Life has always been full for Andersen, who still lives in her home with a cocker spaniel, Ashley. Ashley doesn’t cook, Andersen jokes, but she’s great company.

She’s got family here, too. Son David, his wife, Leslie, and three grandkids live in the Omaha area as well as San Francisco. Daughter Nancy Andersen and her three sons live in Denver.

Her husband, the late Harold W. Andersen, was publisher of The Omaha World-Herald from 1966 to 1989. Although she didn’t have a full-time career, Marian didn’t sit home on the sideline. As a longtime community volunteer, she has been a pioneer.

She was the first woman chairman of the University of Nebraska Foundation and the first woman board chair for the Red Cross in Omaha.

She was on the board and co-chair of the committee that hired the first woman president of the national Public Broadcasting System. The Andersens made significant contributions locally and nationally to PBS.
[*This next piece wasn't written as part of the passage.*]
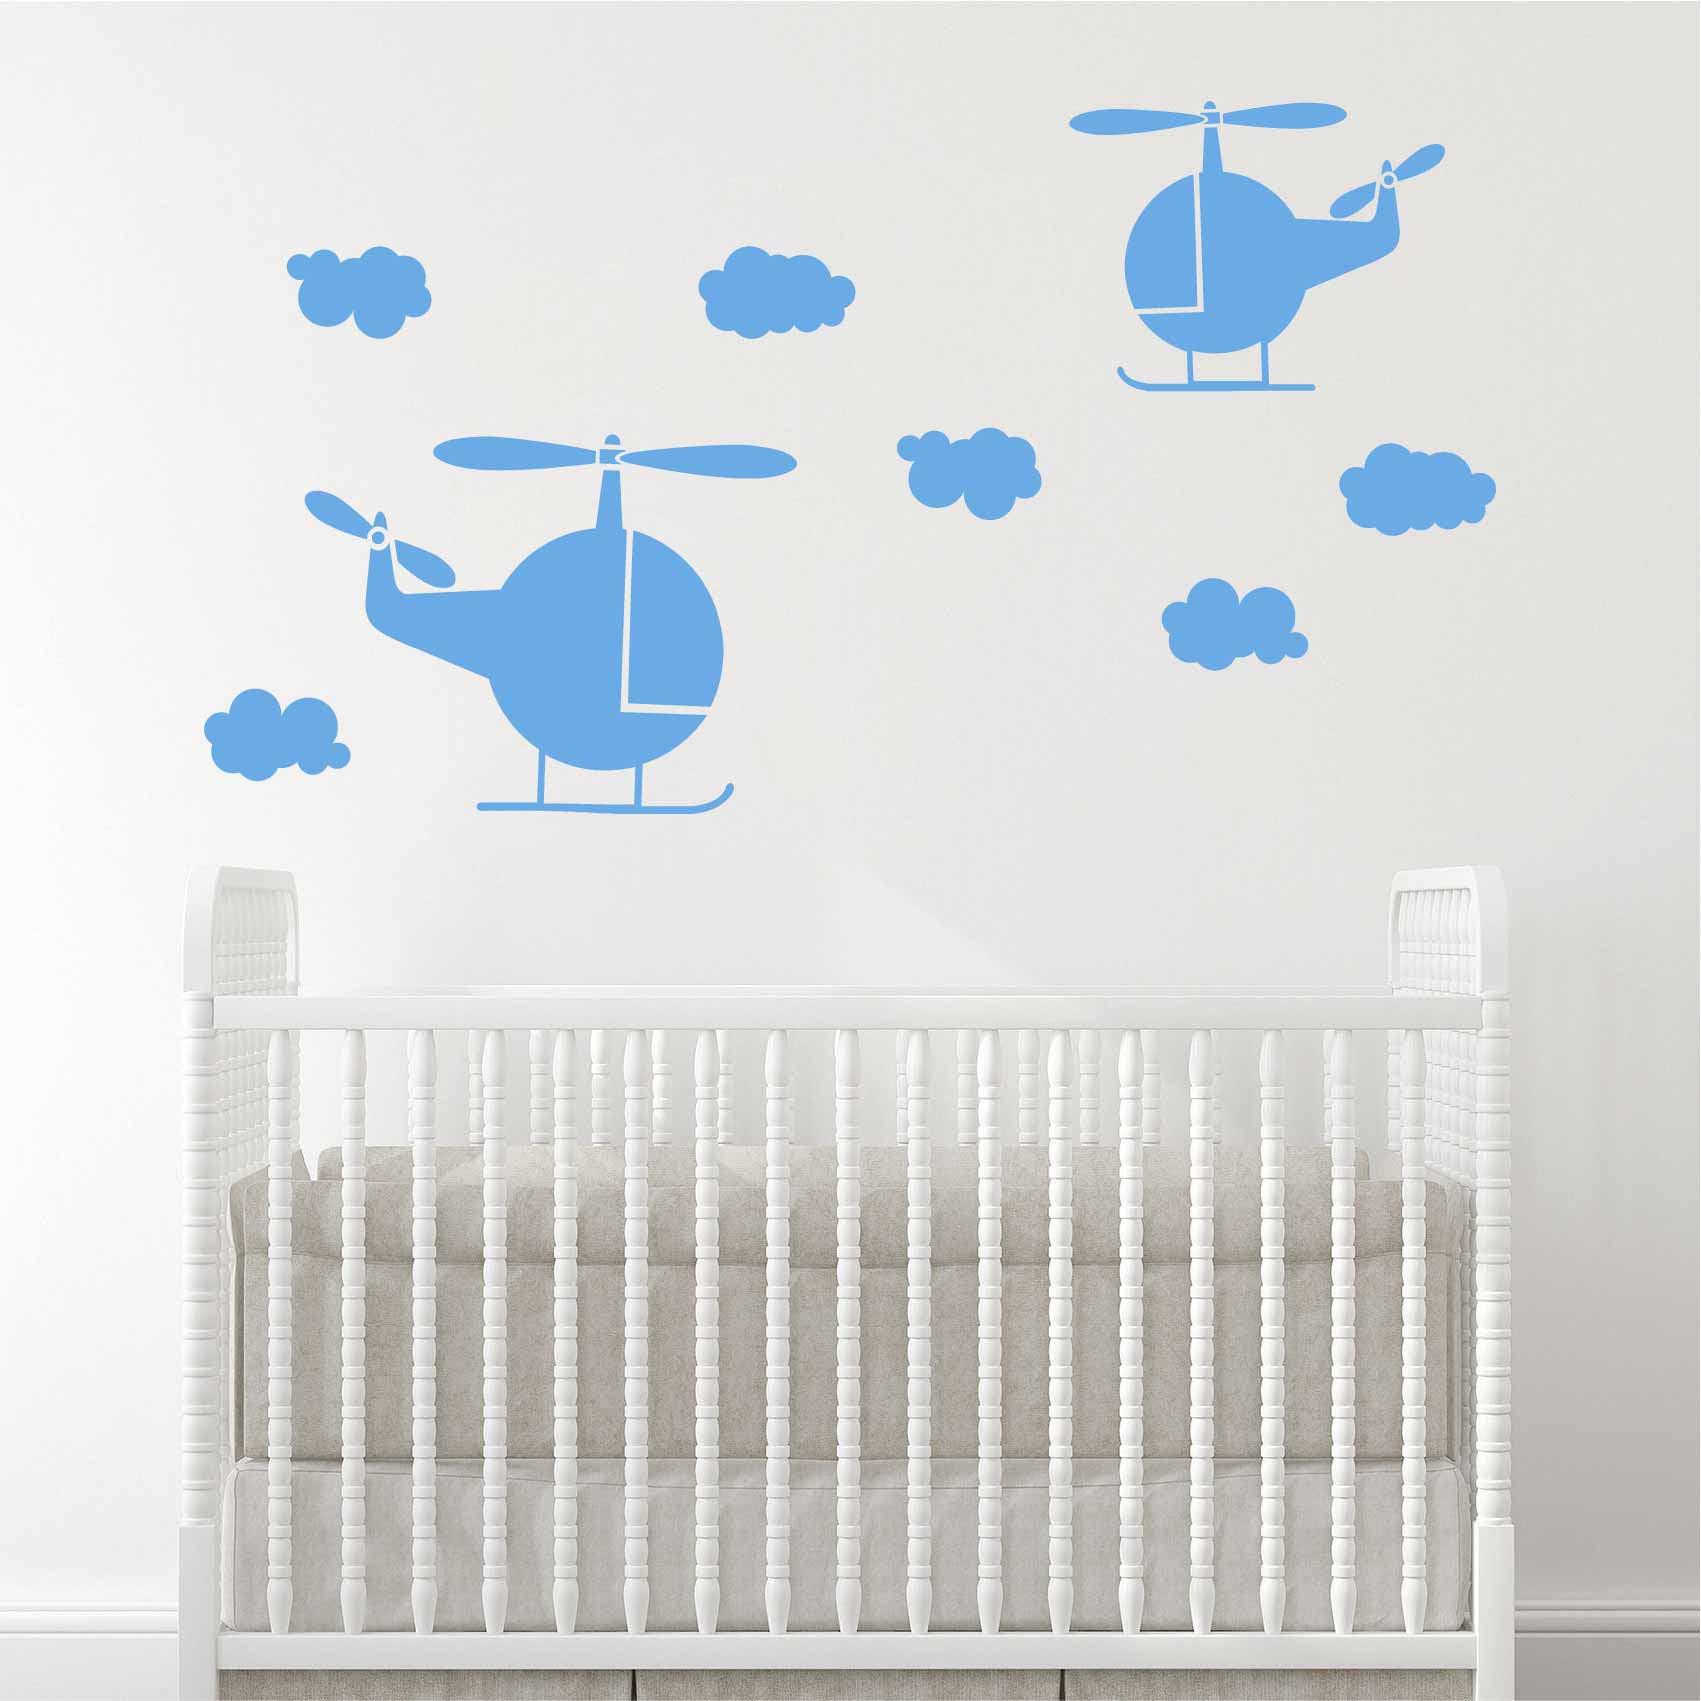 stickers-helicoptere-chambre-enfant-ref7helicoptere-stickers-muraux-helicoptere-autocollant-deco-chambre-enfant-sticker-mural-hélicoptère

She was also pleased recently to make the acquaintance of Ava Thomas, The World-Herald’s second woman publisher.

“I’m all for women to break that glass ceiling,” she said.

Together, she and Harold supported a long list of organizations.

She was named the United Way of the Midlands Citizen of the Year in 1994. With her husband, she was a co-founder of the Alexis de Tocqueville Society, a group of contributors who donate a minimum of $10,000 to the annual United Way campaign.

She also received the Distinguished Nebraskalander Award from the Nebraskaland Foundation and was named outstanding sustainer by the Junior League of Omaha. She was a past president of Planned Parenthood and co-chairman of the Nebraska Shakespeare Festival.

Brian Hastings, the president and CEO of the Nebraska Foundation, said Marian Andersen has a long history of supporting the foundation. She is its longest-serving trustee, since 1962, served as the chair of the board of directors in 1984 and 1985 and was the first woman to do so.

“She liked to say she broke the glass ceiling for her husband, Harold, who became chair of our board later, in 1991 through 1993,” Hastings said. “She and Harold were the volunteer chairs of a comprehensive campaign that ran from 1993 through 2000. The goal was to raise $250 million for the University of Nebraska. It raised $727 million — due to Marian and Harold’s leadership. She is one of the foundation’s and university’s most ardent and faithful supporters.”

Andersen said she’s just always been a leader, from when she was student council president at Lincoln High and president of Kappa Kappa Gamma sorority at the University of Nebraska-Lincoln, where she also was a Phi Beta Kappa.

“I never was intimidated,” she said.

After she married at 23, which at that time she said was almost “an old maid,” she and her husband saw the world. They visited 60 countries and every state.

Another great love of Andersen’s is tennis, and she’s been to the grand slam of tournaments: the Australian Open, the U.S. Open, Wimbledon and the French Open.

During women’s history month, Andersen said she’s most proud of two things.

“I think my family,” she said, “and the fact that I have maybe made a difference in some of the organizations.”